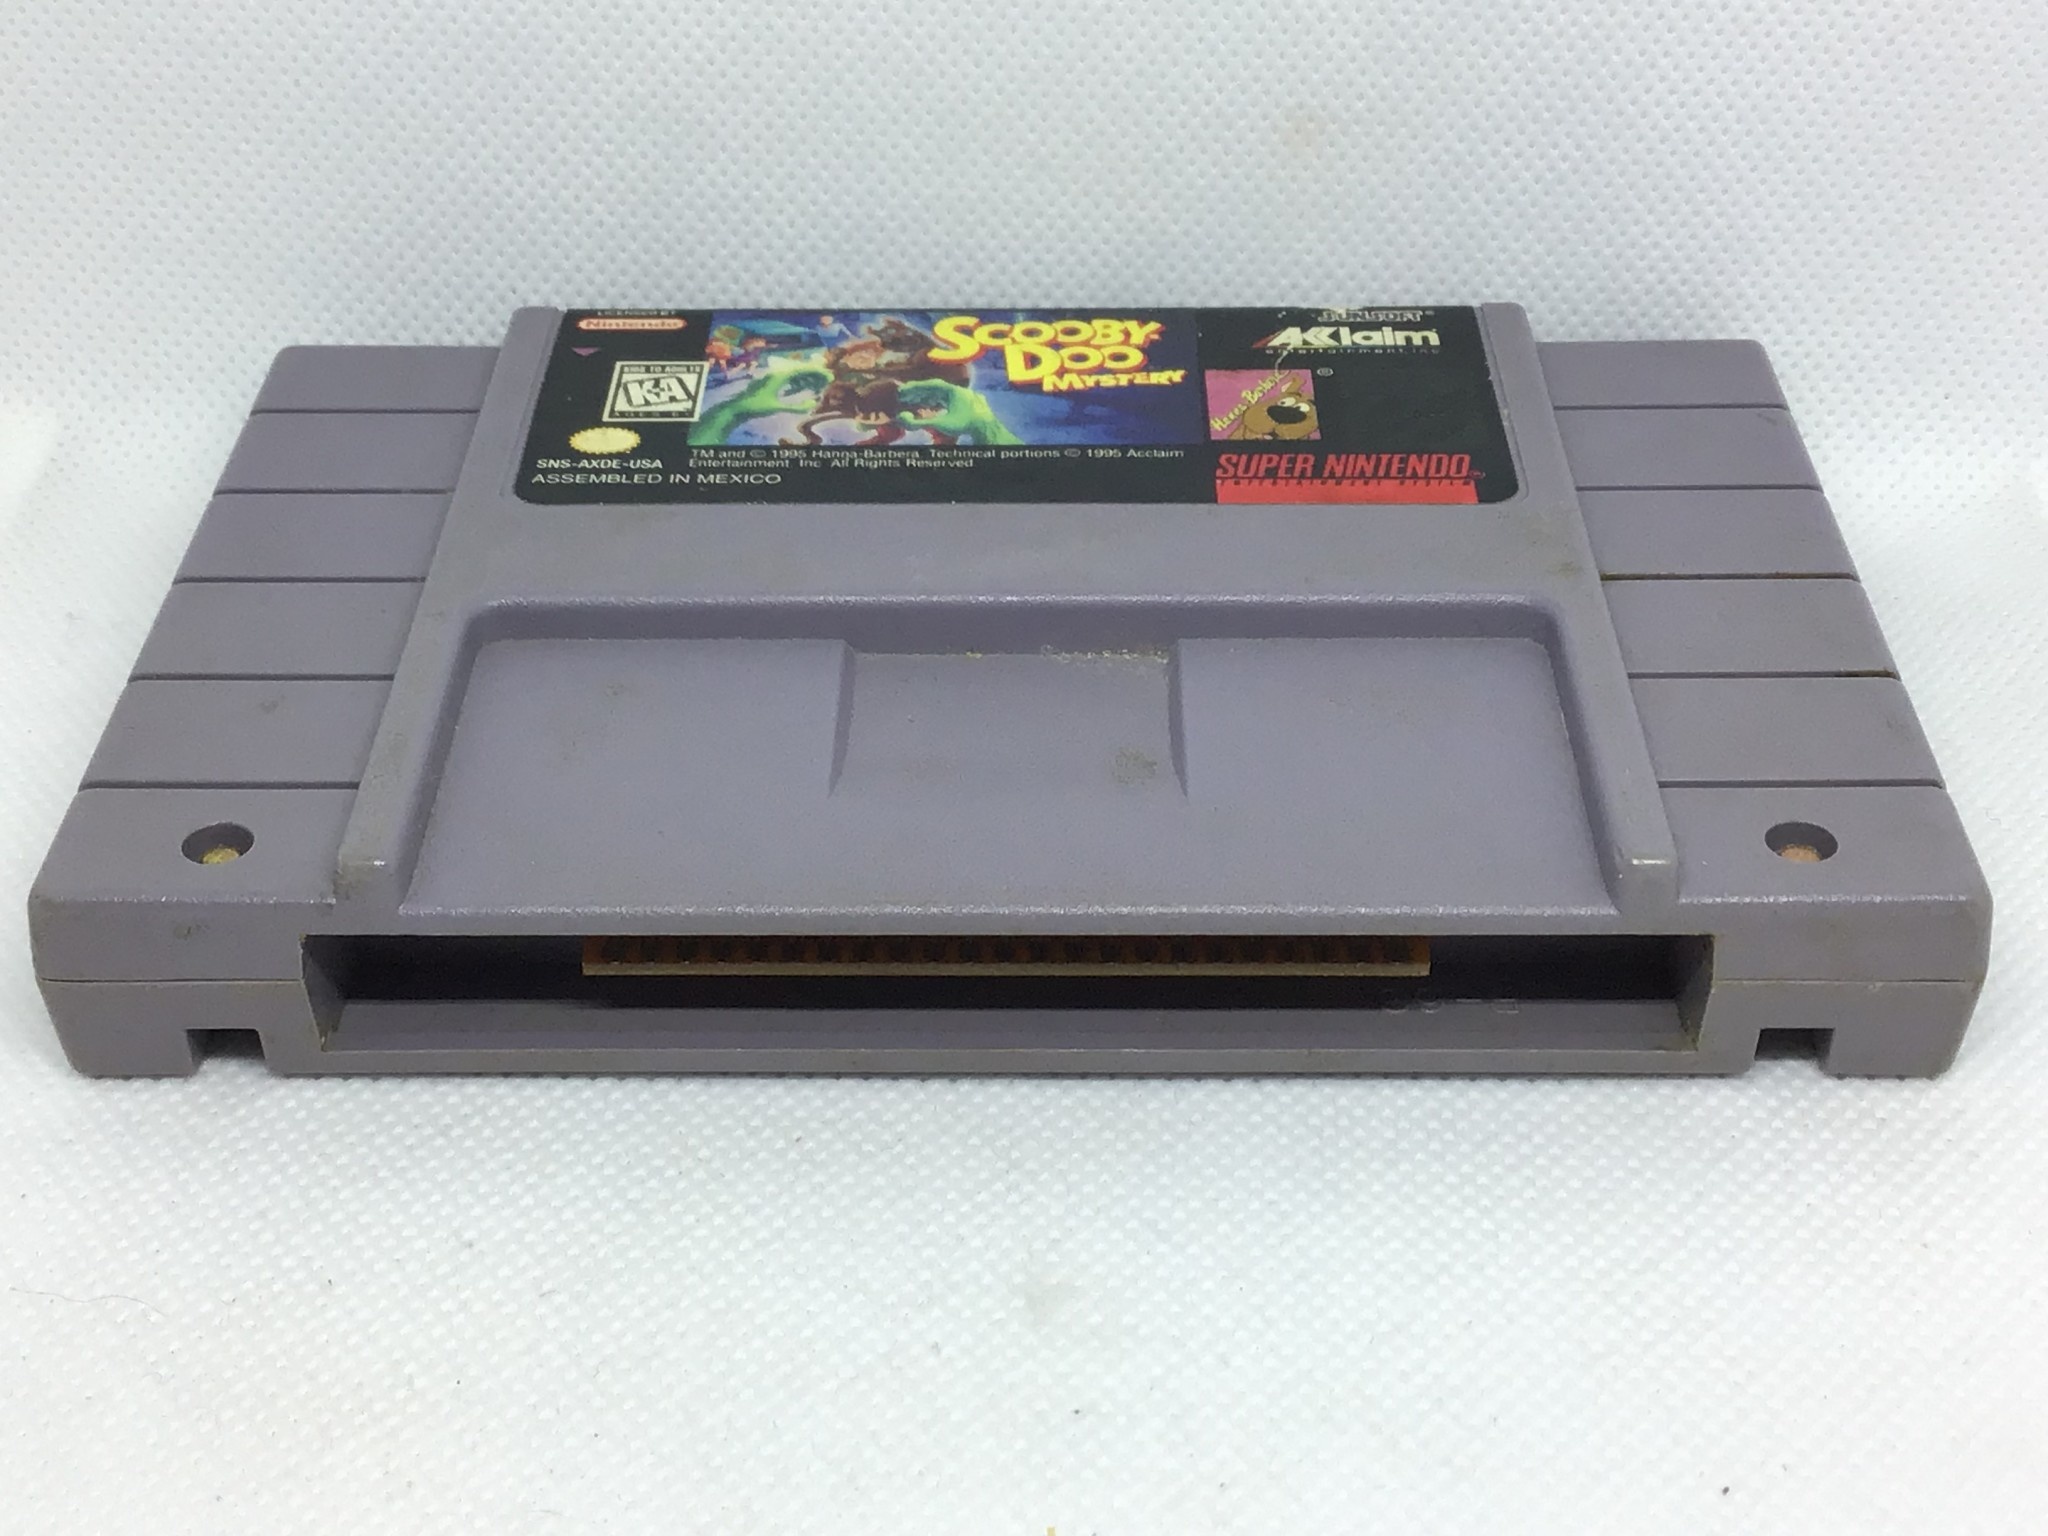 scooby-doo-mystery-snes-cape-fear-games
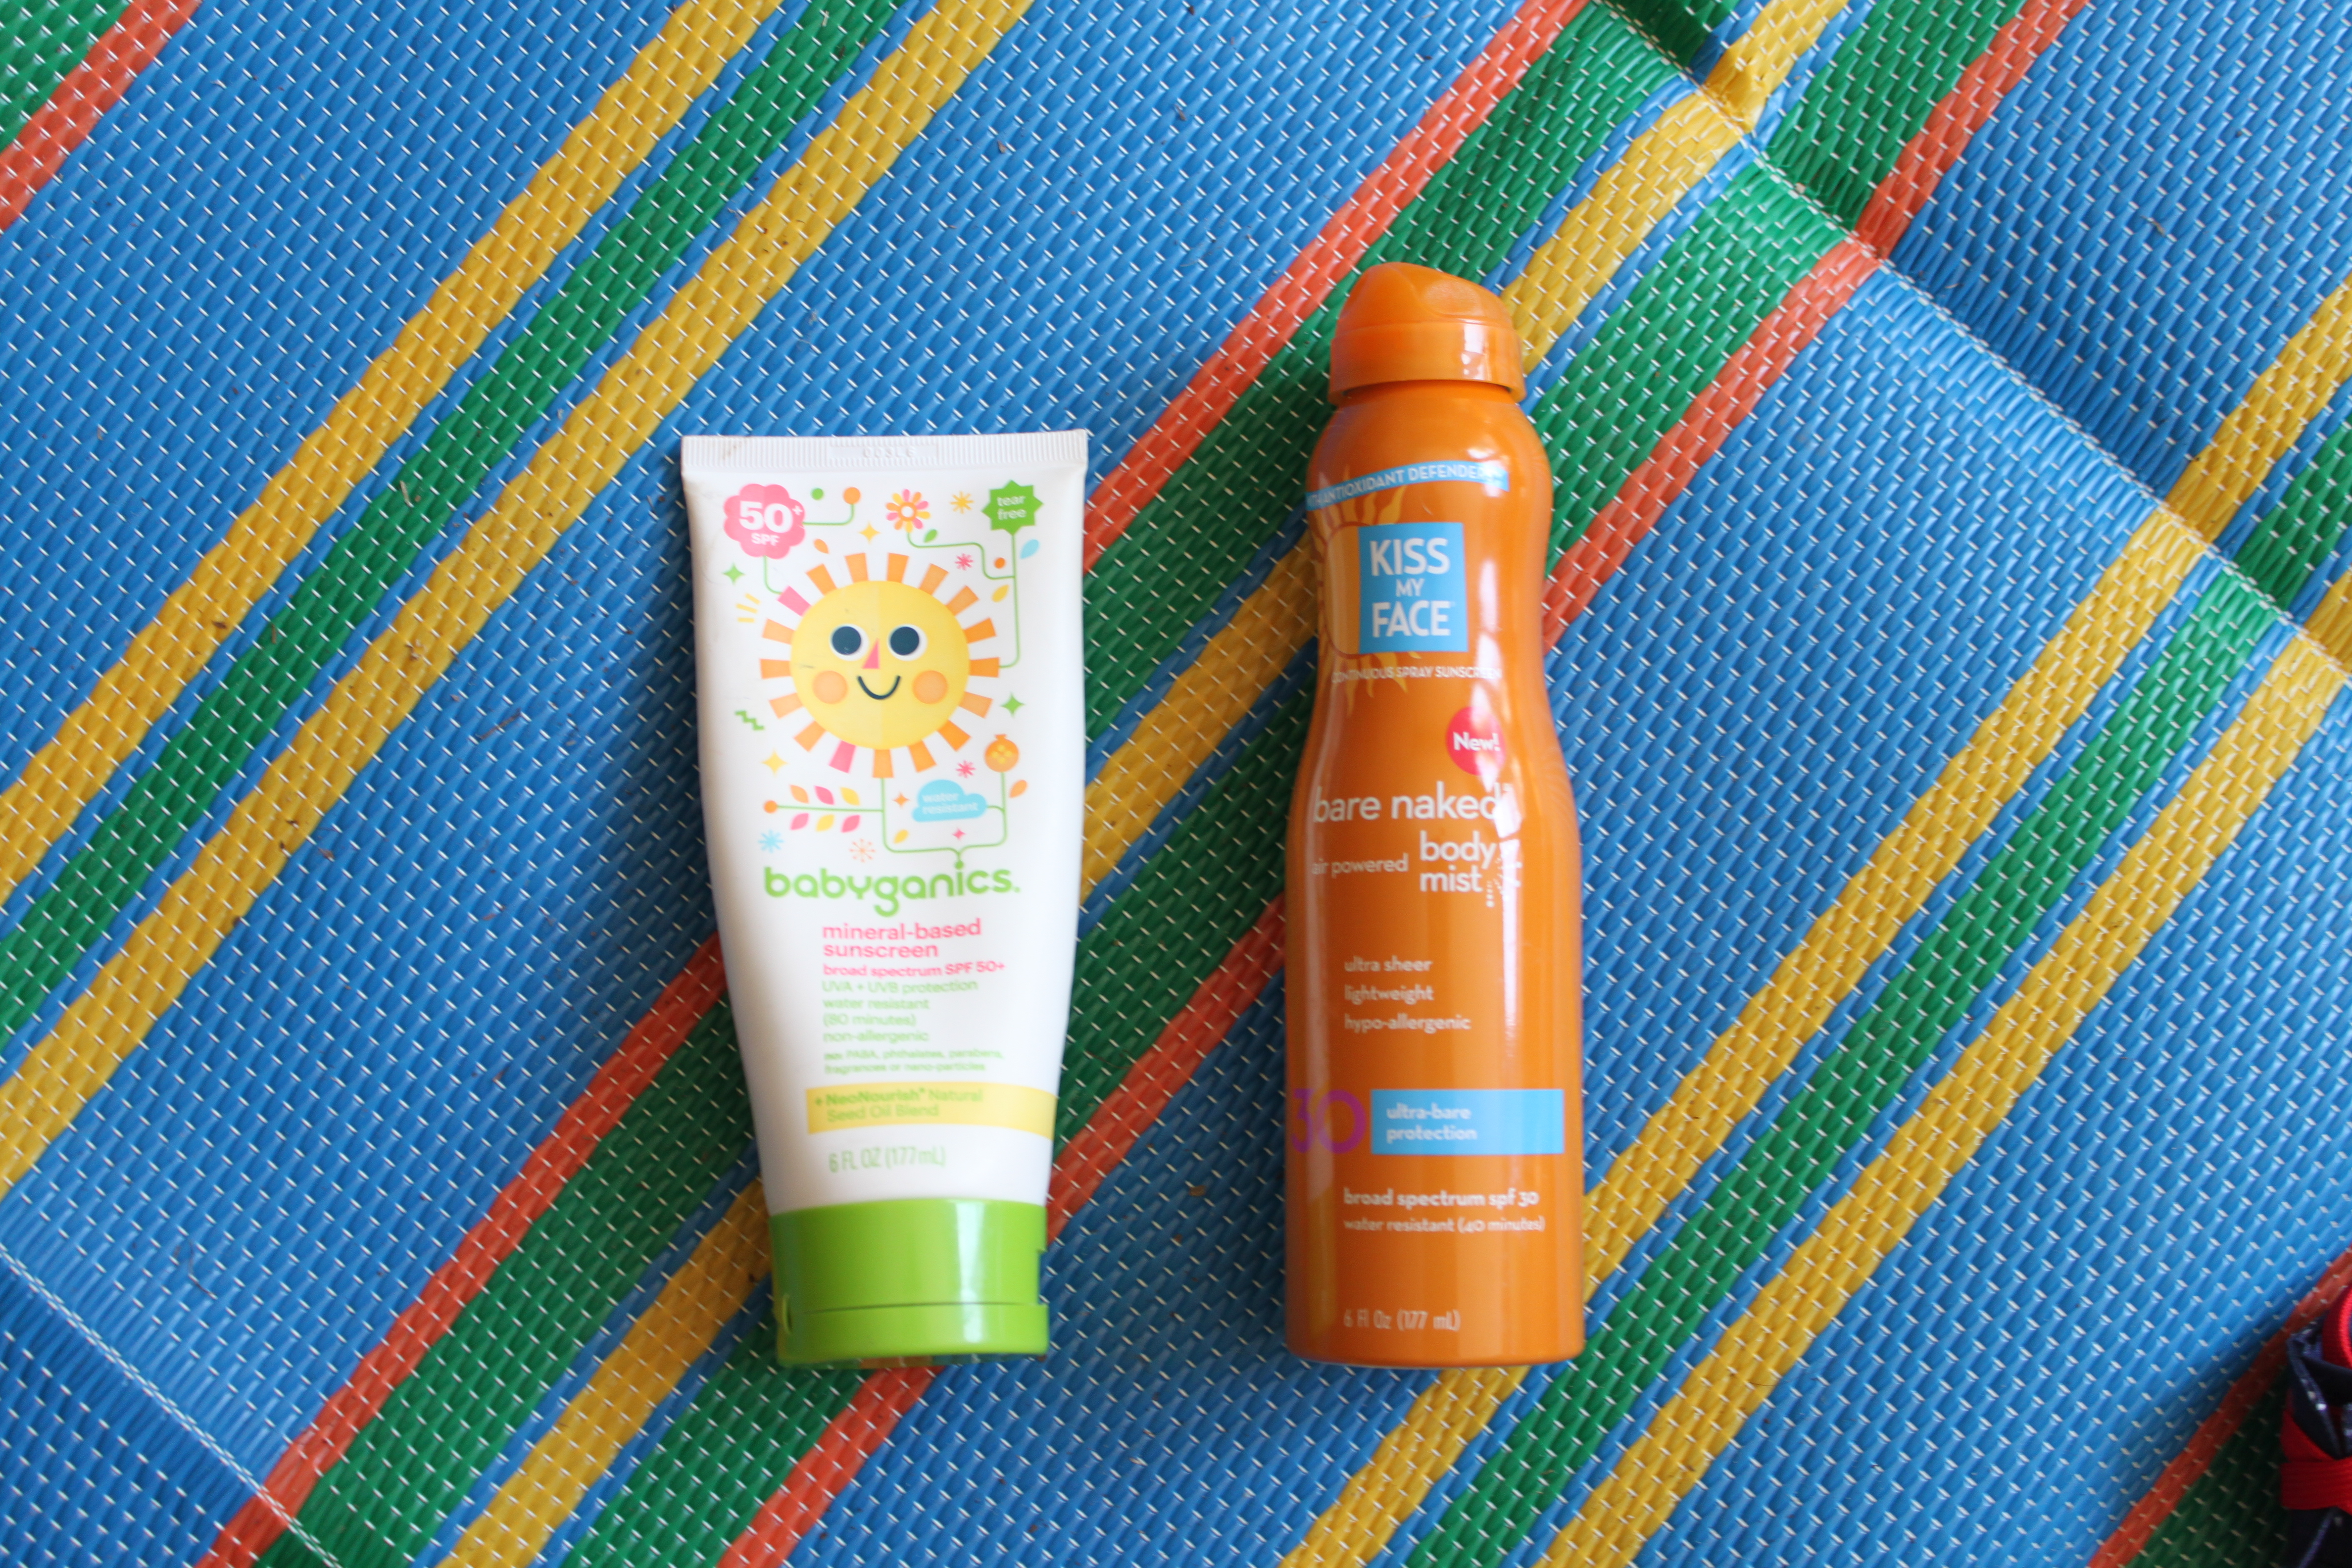 summer essentials for mom and toddler for parks, beach, and pool. Sunscreen, skin and hair products
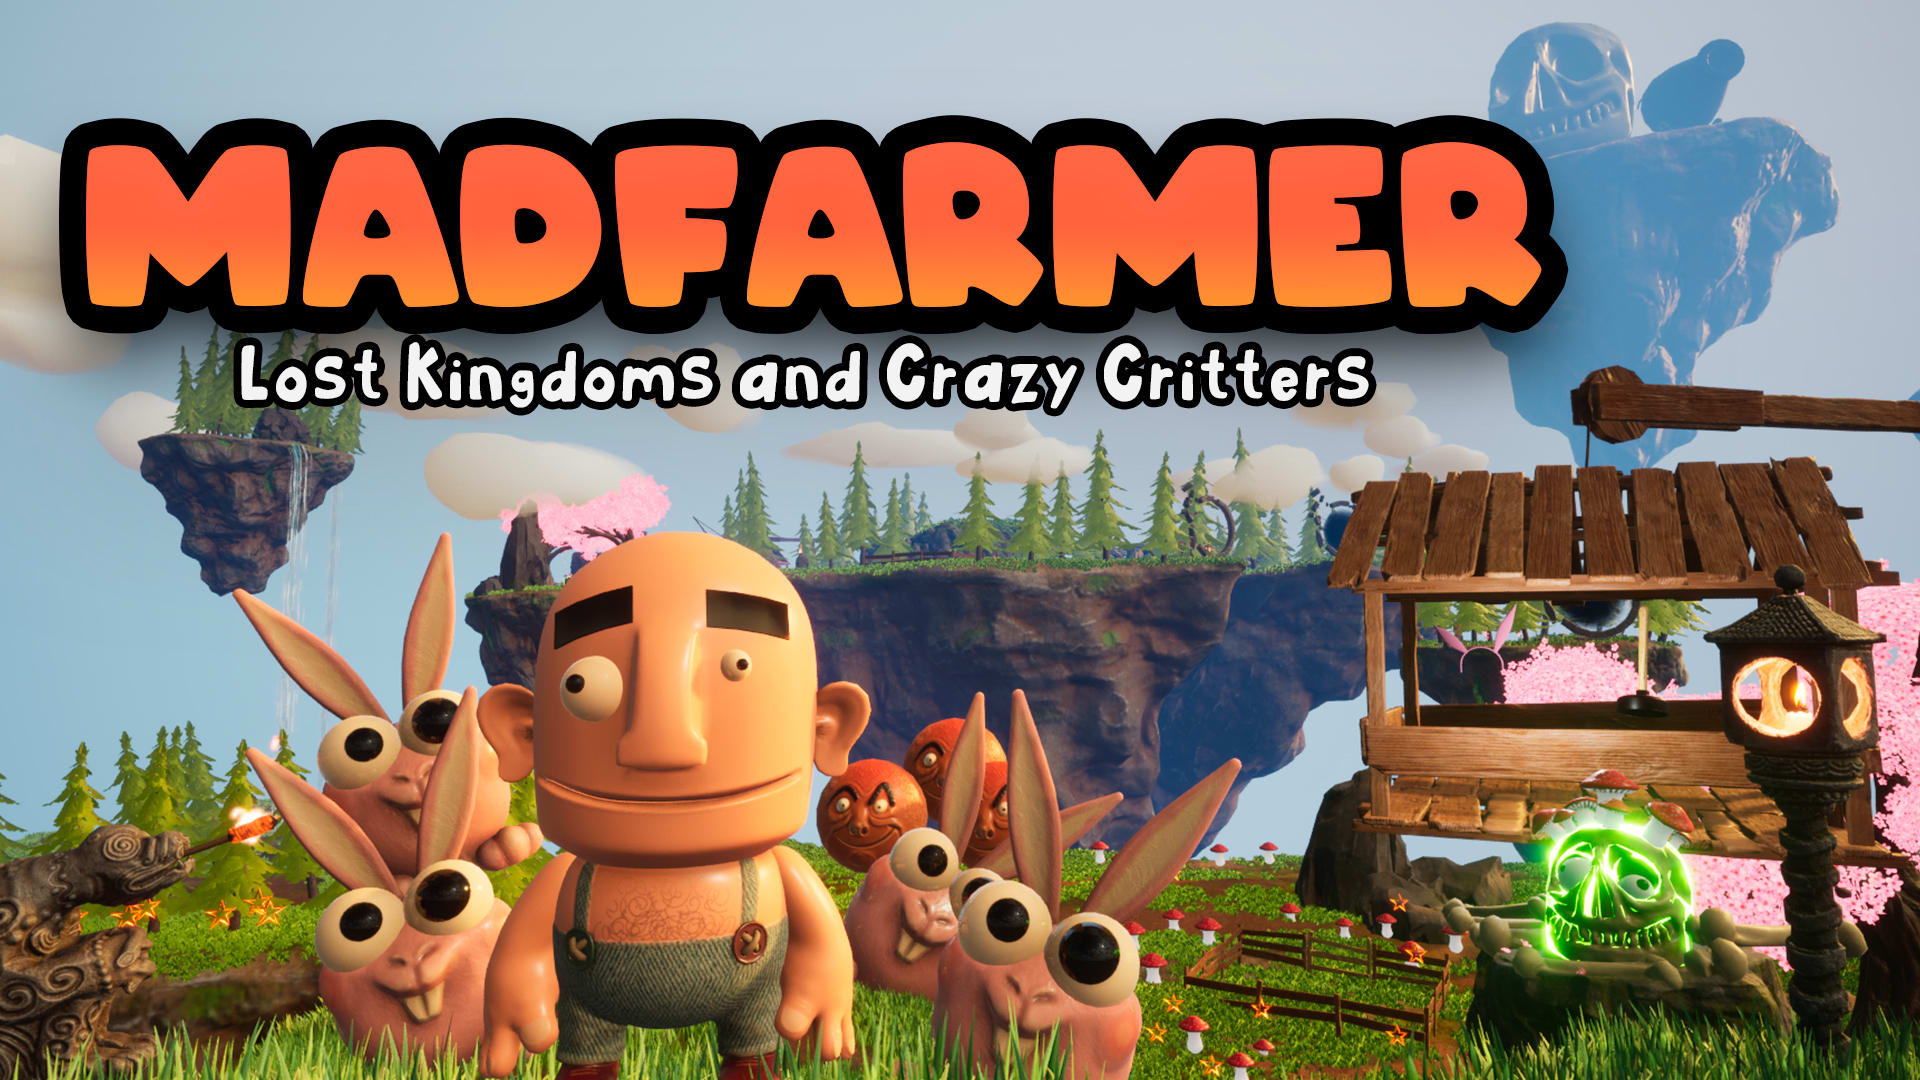 Madfarmer: Lost Kingdoms and Crazy Critters

What needs to be done: Return the material exactly as written, except for any pictures it holds.

Solution:
 scooby-doo-mystery-snes-cape-fear-games
 summer essentials for mom and toddler for parks, beach, and pool. Sunscreen, skin and hair products
 Madfarmer: Lost Kingdoms and Crazy Critters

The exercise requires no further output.